## EXERCISE OBJECTIVE
Bring together every line in the data that includes "illustration".

## DATA FOR THIS TASK
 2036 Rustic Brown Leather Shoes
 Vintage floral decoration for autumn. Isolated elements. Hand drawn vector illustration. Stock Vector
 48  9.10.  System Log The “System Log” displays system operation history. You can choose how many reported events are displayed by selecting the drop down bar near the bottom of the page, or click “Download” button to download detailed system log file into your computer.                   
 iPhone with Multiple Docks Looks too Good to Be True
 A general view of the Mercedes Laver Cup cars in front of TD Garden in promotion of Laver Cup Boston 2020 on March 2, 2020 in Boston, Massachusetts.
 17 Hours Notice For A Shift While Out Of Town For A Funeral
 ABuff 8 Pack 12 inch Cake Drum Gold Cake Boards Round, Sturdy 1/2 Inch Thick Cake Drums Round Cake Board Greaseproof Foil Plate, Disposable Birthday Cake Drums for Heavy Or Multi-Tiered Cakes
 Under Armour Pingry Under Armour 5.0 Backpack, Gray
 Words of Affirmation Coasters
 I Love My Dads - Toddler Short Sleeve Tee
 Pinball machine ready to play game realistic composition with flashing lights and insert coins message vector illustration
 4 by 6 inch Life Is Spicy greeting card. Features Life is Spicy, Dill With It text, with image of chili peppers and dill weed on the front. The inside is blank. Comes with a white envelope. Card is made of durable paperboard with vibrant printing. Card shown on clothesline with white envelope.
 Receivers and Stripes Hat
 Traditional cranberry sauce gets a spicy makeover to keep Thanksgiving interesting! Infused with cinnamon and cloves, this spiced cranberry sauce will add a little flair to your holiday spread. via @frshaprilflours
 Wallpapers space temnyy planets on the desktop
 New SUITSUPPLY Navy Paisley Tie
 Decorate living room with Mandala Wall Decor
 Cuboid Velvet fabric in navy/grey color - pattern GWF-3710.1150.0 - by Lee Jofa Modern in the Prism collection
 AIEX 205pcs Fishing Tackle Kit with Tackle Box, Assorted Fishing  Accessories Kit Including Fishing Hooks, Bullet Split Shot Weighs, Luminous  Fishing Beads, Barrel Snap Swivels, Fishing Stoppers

## OUTPUT OF THE EXERCISE
 Vintage floral decoration for autumn. Isolated elements. Hand drawn vector illustration. Stock Vector
 Pinball machine ready to play game realistic composition with flashing lights and insert coins message vector illustration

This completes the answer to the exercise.